The Alderpuppets in office now (different Mayor, different Alders, still puppets) share the current Mayor’s preoccupation with the TIF and budget cutting to the virtual exclusion of all else. As obsessions go, it’s a valuable one, but the accompanying disinterest in that evanescent thing, “quality of life,” seems to have let us blow off a “mere” $59K in free money. I cannot imagine you being so sanguine about $59K if it were for somthing you valued. Let’s face it: Any and all of these elected officials could and should have at least done some speechifying to the CM, on the record. Perhaps the neglect was due to their primitive unease with the whole notion of mental health as an issue here in Bedford Falls. If we don’t fund relief for a problem, we don’t have a problem, right? Staff knows what the elected officials care and don’t care about, and they are not the types to be intraprenurial and fix things nobody will thank them for. It’s truly that simple. Your history lesson is amusing because Mayor Schmidt is more than willing to use his bully pulpit even for partisan political purposes when the spirit moves him. He is intelligent, articulate and anything but “weak.” And if the Council is supposed to be “strong,” this crew defines it the same way Frimark’s fellas did. That is, whatever the Mayor wants is fine with them. They are ALL still making excuses for the CM they hired. But by all means, let’s blame his assistant.

EDITOR’S NOTE: Some of the current aldermen apparently never got the memo that they are Mayor Schmidt’s “Alderpuppets in office now,” otherwise Schmidt wouldn’t have had to veto several boneheaded non-merit based raises, irresponsible contracts, budget items, etc.
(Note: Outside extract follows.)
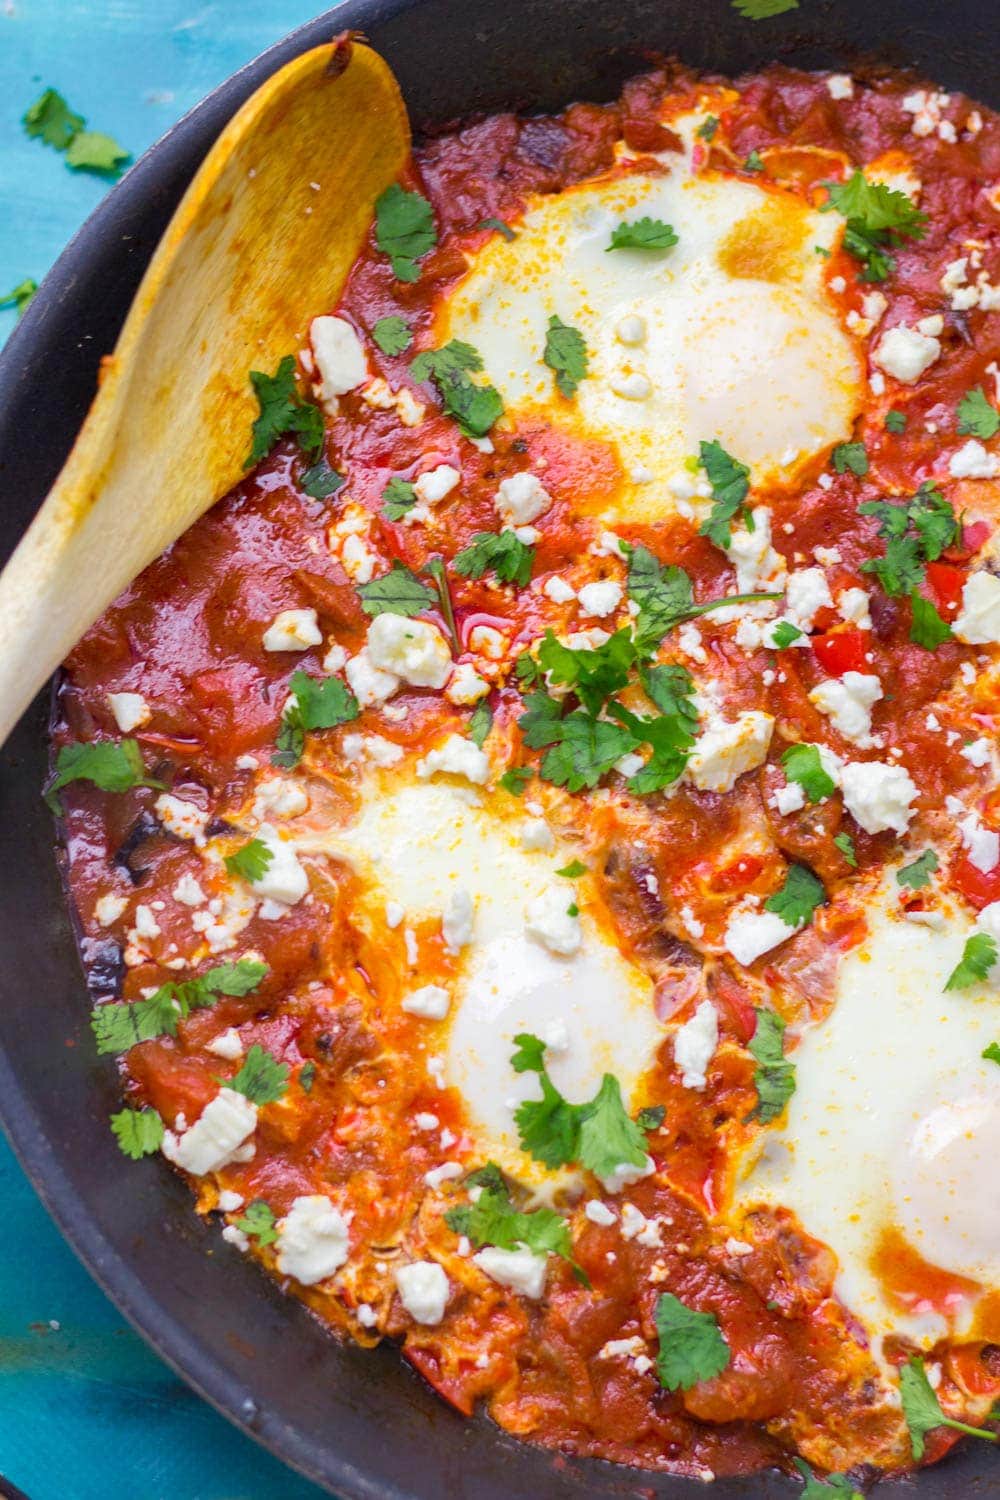 This chorizo shakshuka is full of smoky flavour from the chorizo and smoked paprika. Serve with crusty bread for those runny yolks and a dollop of yoghurt.

From what we can tell, certain members of Staff are more concerned with playing politics than with doing their jobs. Or maybe they’re just using politics to hide their incompetence. But it IS up to the elected officials to hold the bureaucrats accountable, starting at the top of the food chain.

The last two threads are very illuminating.

Give the reader the chance to be POed at their neighbor and label them freeloaders and you get 31 posts along with you leading the charge!!!

Write a post about our government pissing away a grant worth 59K and what do ya get?? 13 posts and a whole lot of defense from you.

EDITOR’S NOTE: No defense from us – we think it was a screw-up. But we still don’t know: (a) whether Schmidt got all the information he asked for; (b) when he got it; and (c) why the CM didn’t/couldn’t sign the grant. So we don’t know whether the CM or the mayor should wear the jacket for this, assuming that Chief K provided everything he was asked to provide.